Information provided -
::::::

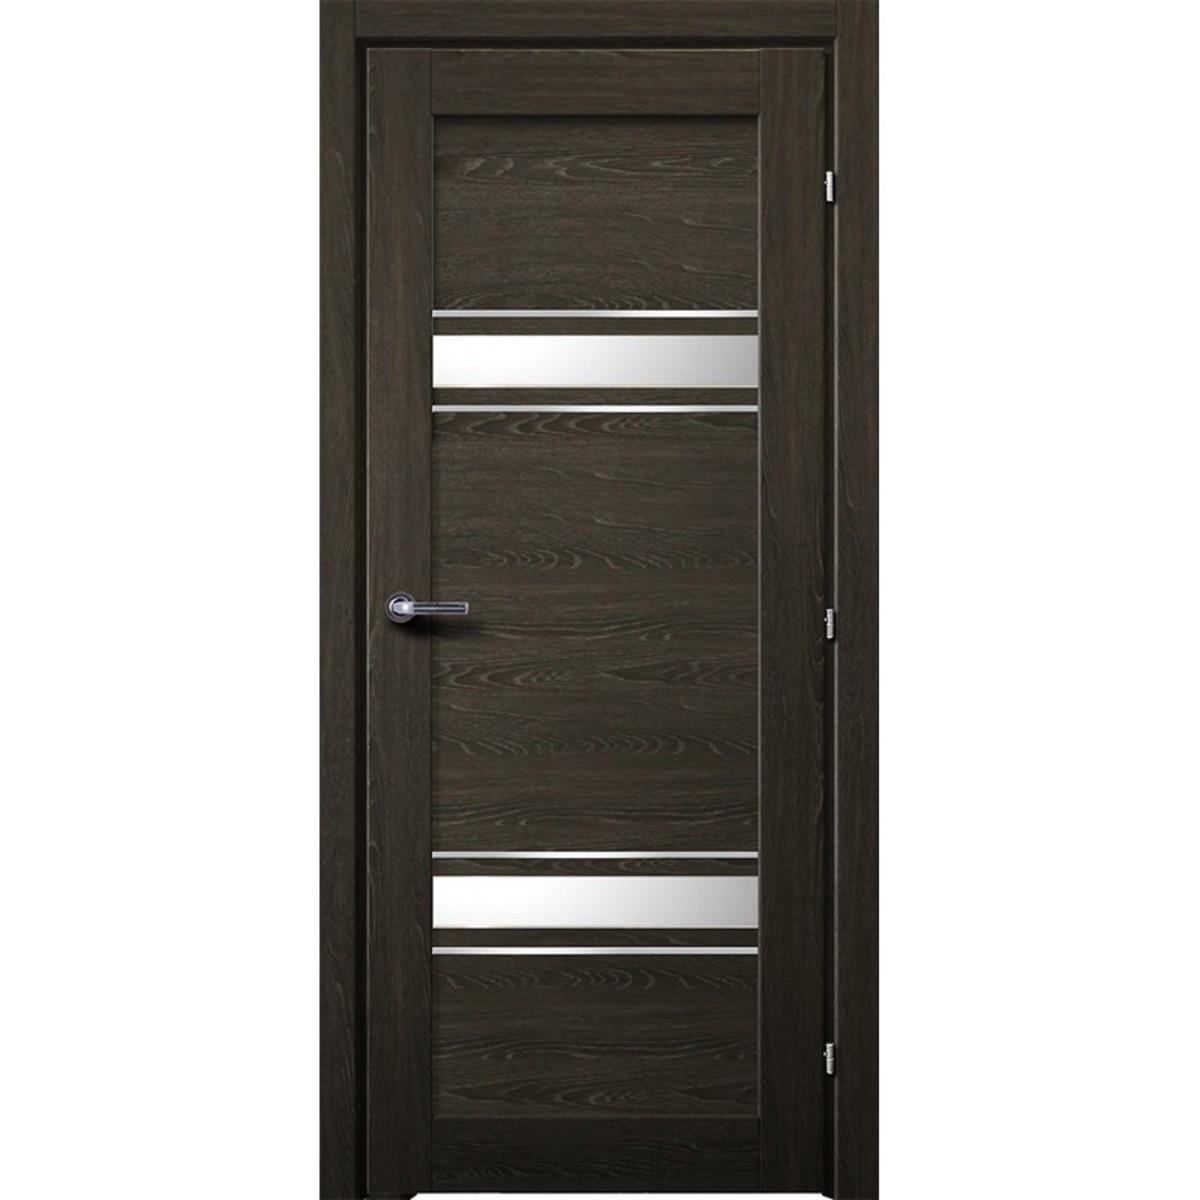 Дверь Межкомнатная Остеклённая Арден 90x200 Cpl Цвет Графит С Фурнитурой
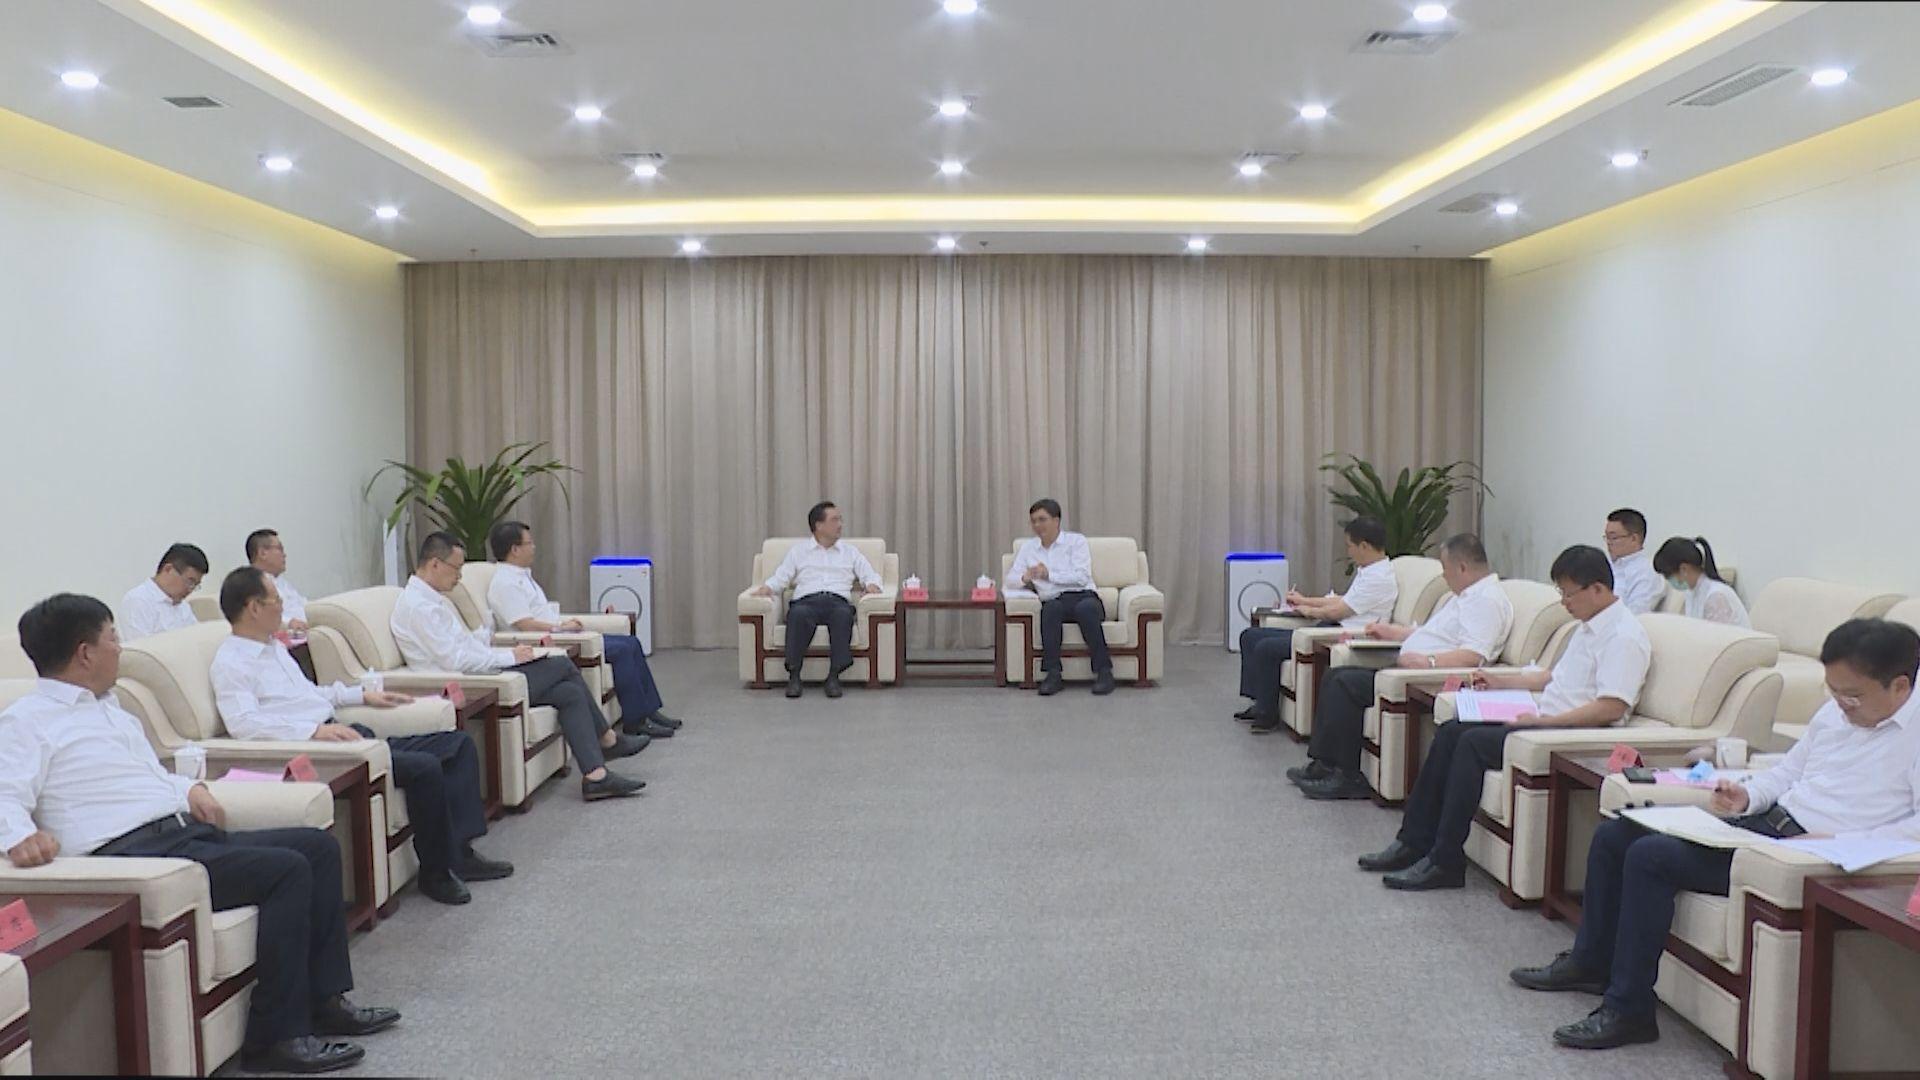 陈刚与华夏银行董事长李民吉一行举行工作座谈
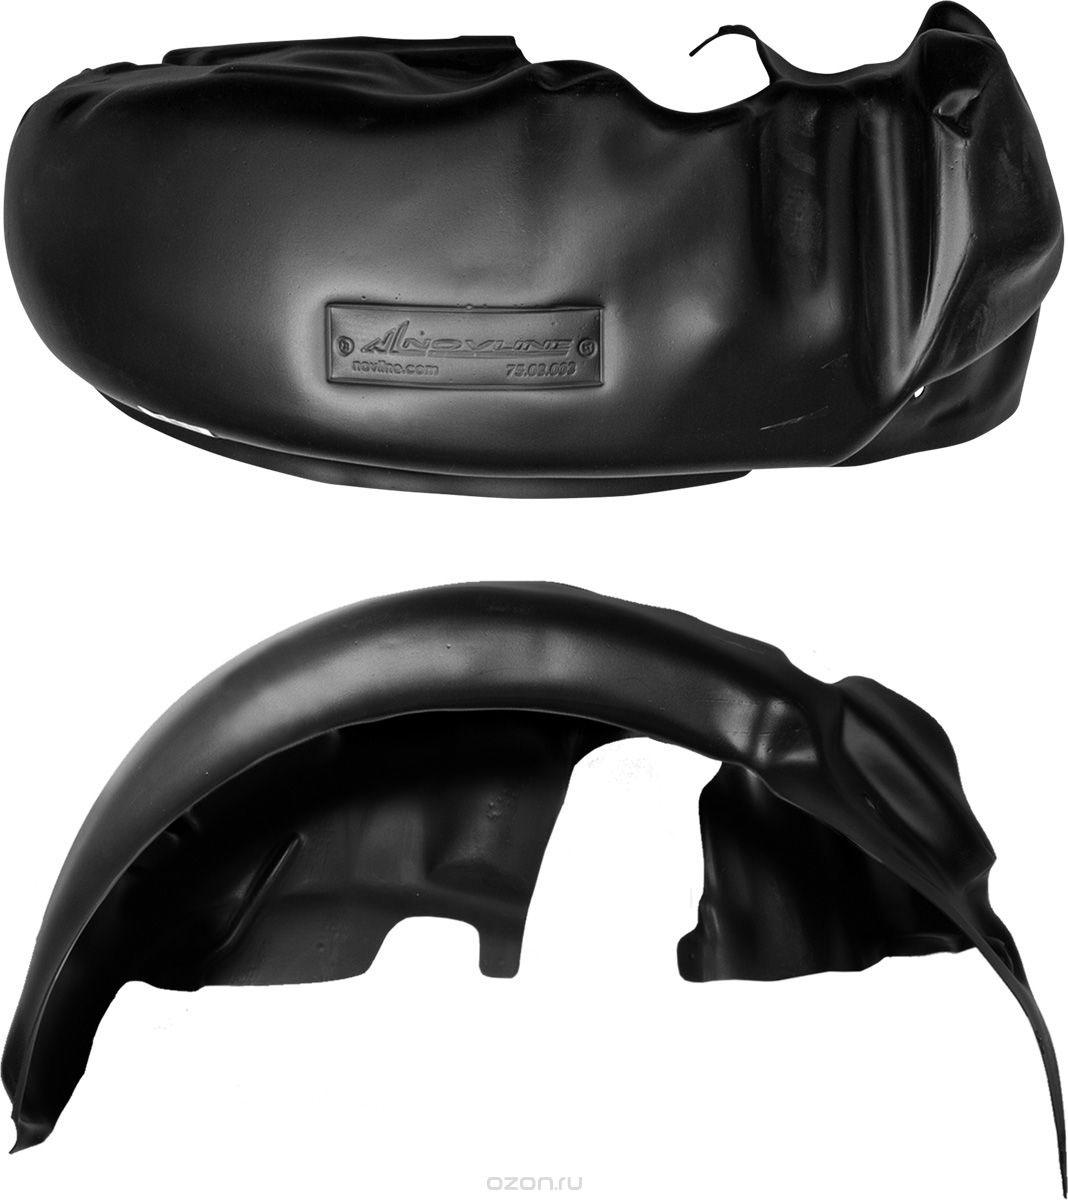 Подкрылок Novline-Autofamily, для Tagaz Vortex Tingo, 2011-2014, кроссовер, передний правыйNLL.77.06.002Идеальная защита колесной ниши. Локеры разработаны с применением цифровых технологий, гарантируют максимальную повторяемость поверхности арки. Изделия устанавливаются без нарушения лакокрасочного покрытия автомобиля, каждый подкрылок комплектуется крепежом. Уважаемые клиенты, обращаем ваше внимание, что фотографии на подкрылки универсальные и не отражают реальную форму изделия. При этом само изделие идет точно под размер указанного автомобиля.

::::::

Repeat each line of the listing word for word, from the first through the line that contains "陈刚与华夏银行董事长李民吉一行举行工作座谈". Any picture stays out.

Your response -
 Дверь Межкомнатная Остеклённая Арден 90x200 Cpl Цвет Графит С Фурнитурой
 陈刚与华夏银行董事长李民吉一行举行工作座谈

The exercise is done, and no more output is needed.